[Task details]
Retyping should cover only the lines from the one containing "progress lighting p319309" through the final line of the records, with pictures omitted.
___ Data to examine
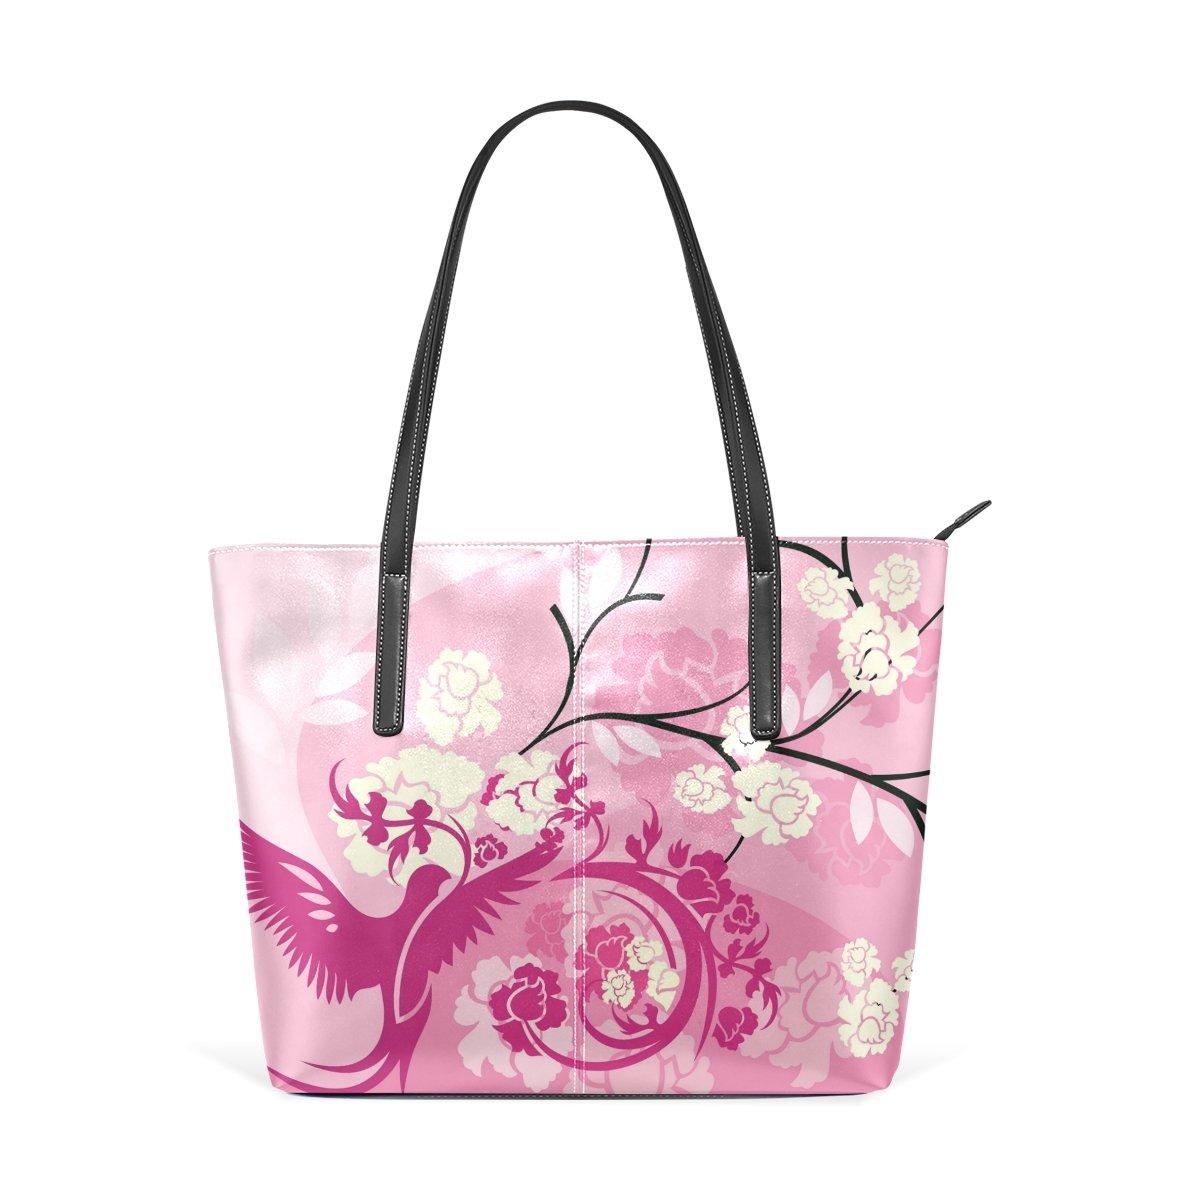 Women Leather Handbags Pink Phenix Top Handle Shoulder Bags
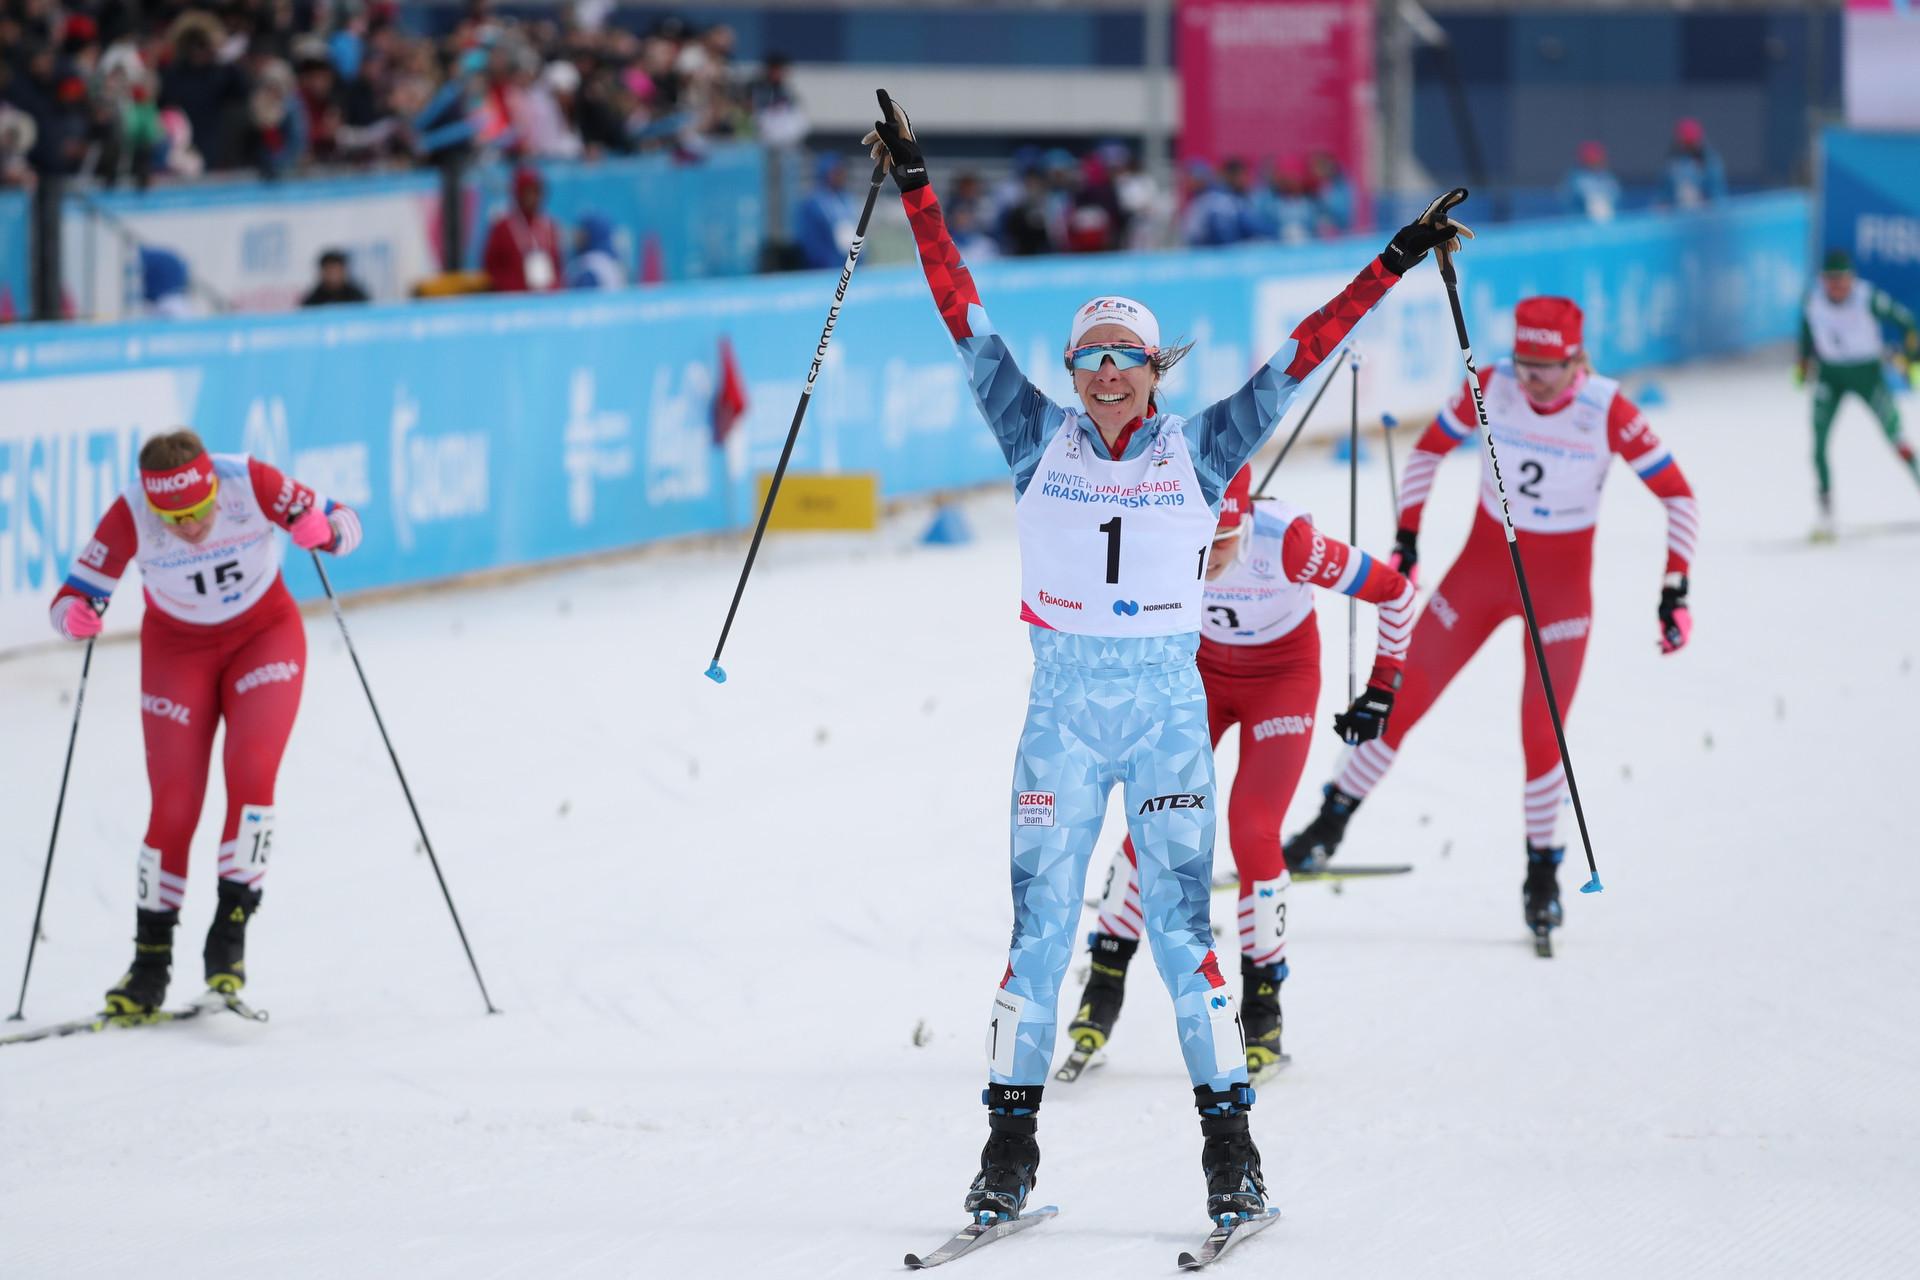 Czech skier Hyncicova ends Russian cross-country domination at Krasnoyarsk 2019 Winter Universiade
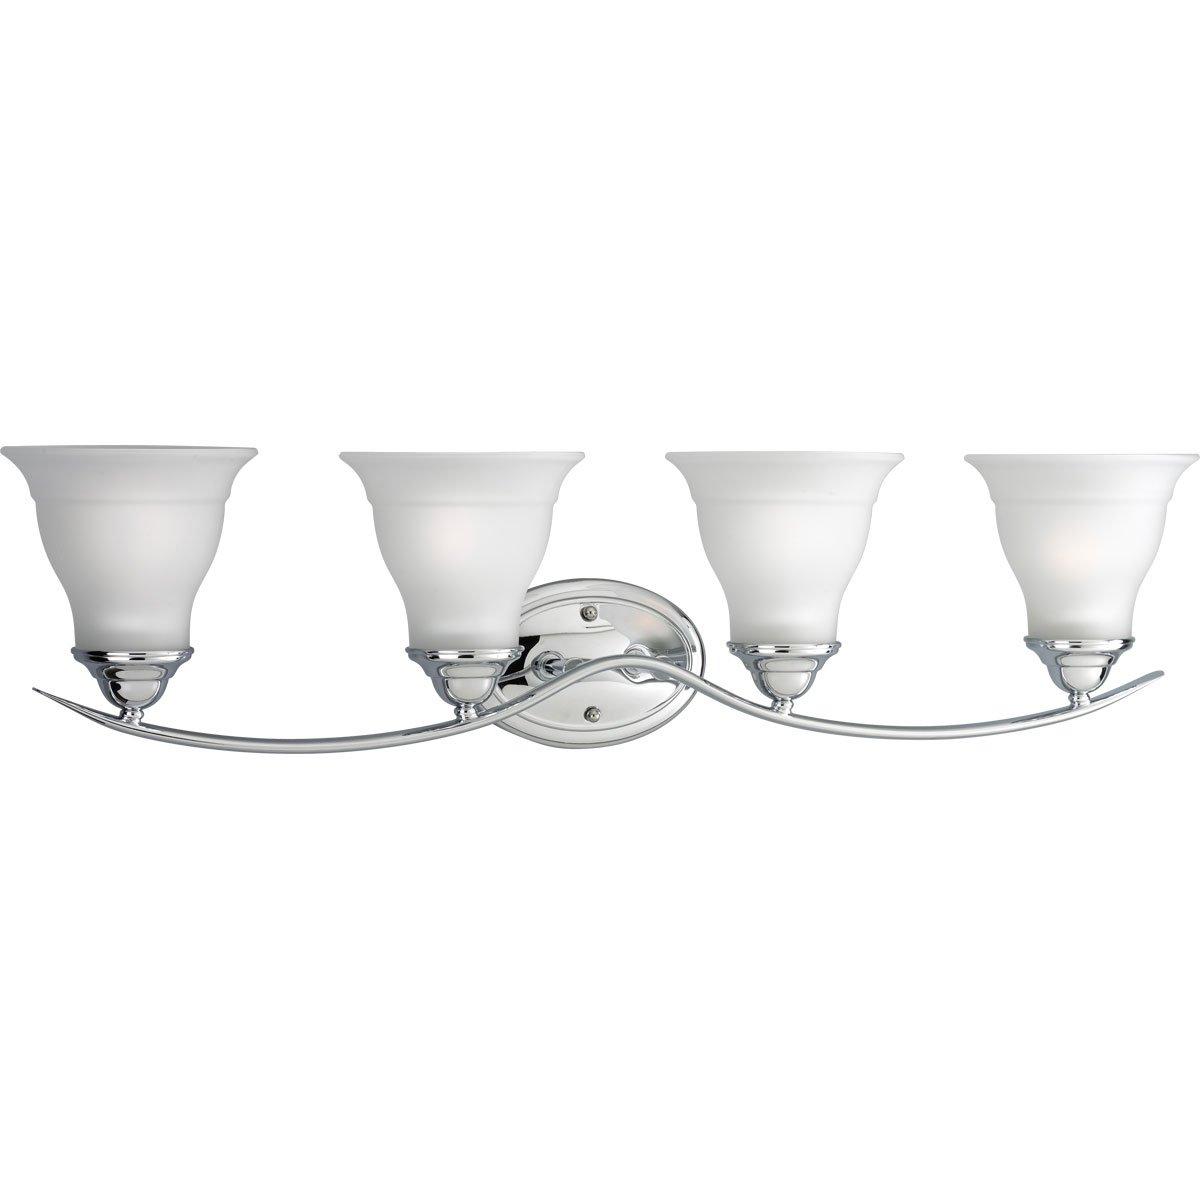 progress lighting p319309 4light bath bracket brushed nickel vanity lighting fixtures amazoncom
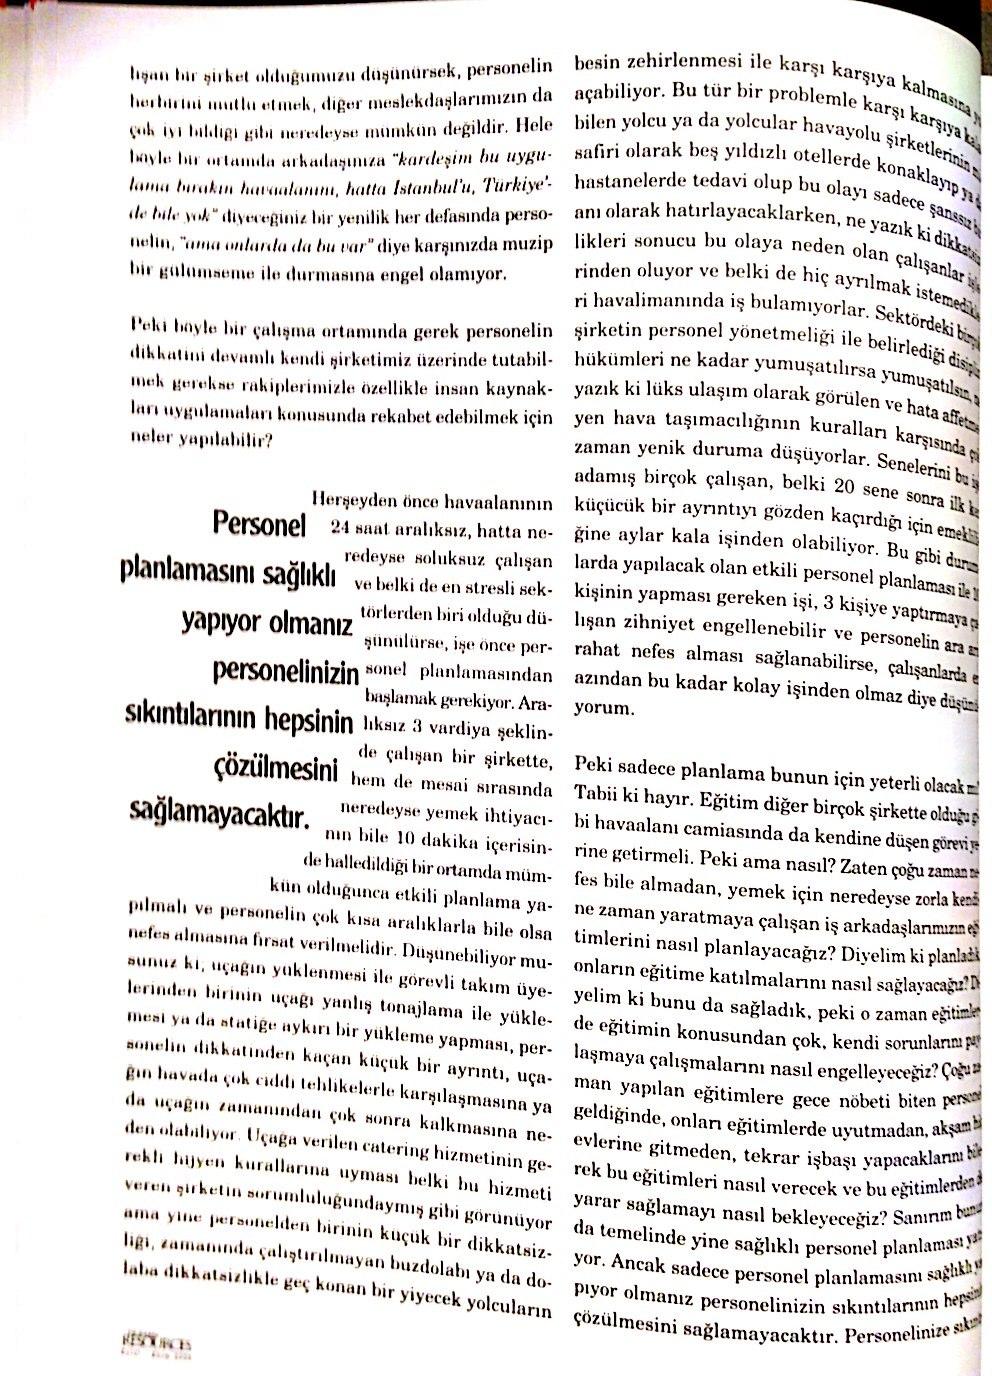 HR+DERGİSİ+EYLÜL+EKİM+2000+2.jpg
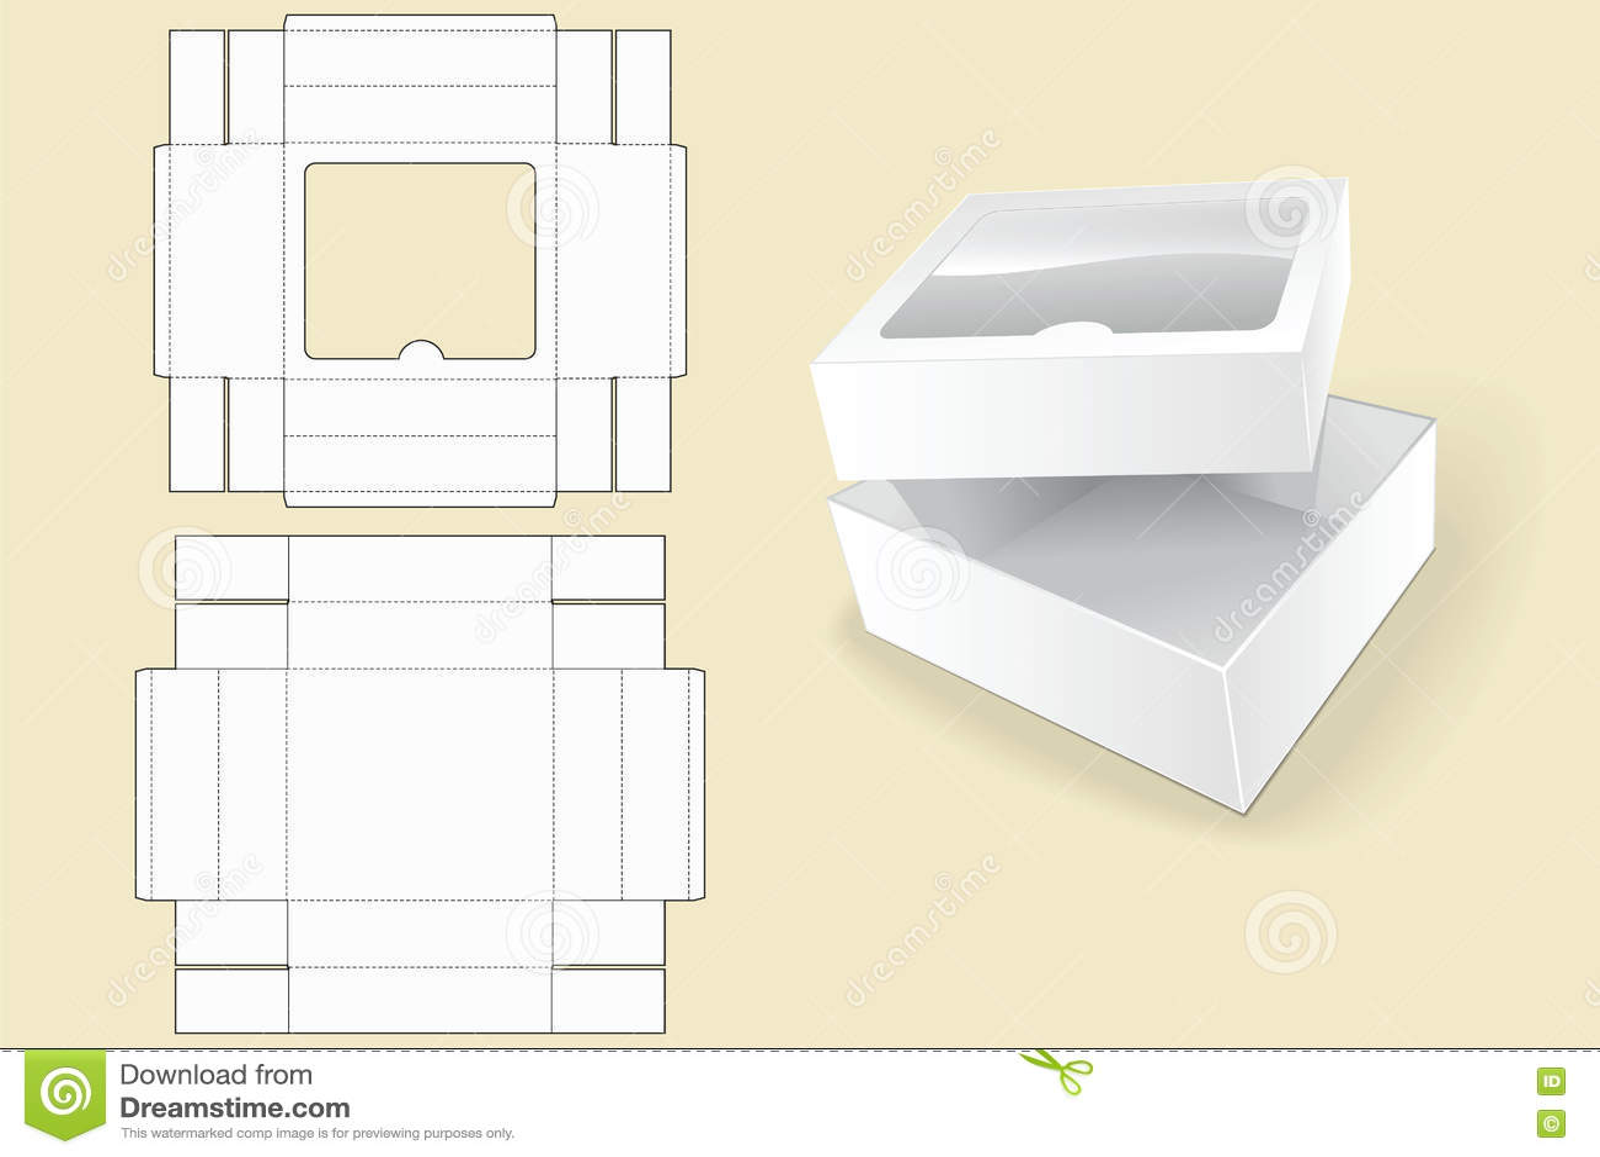 box template packaging white cardboard box opened white cardboard
______
[Solution to this task]
 progress lighting p319309 4light bath bracket brushed nickel vanity lighting fixtures amazoncom
 HR+DERGİSİ+EYLÜL+EKİM+2000+2.jpg
 box template packaging white cardboard box opened white cardboard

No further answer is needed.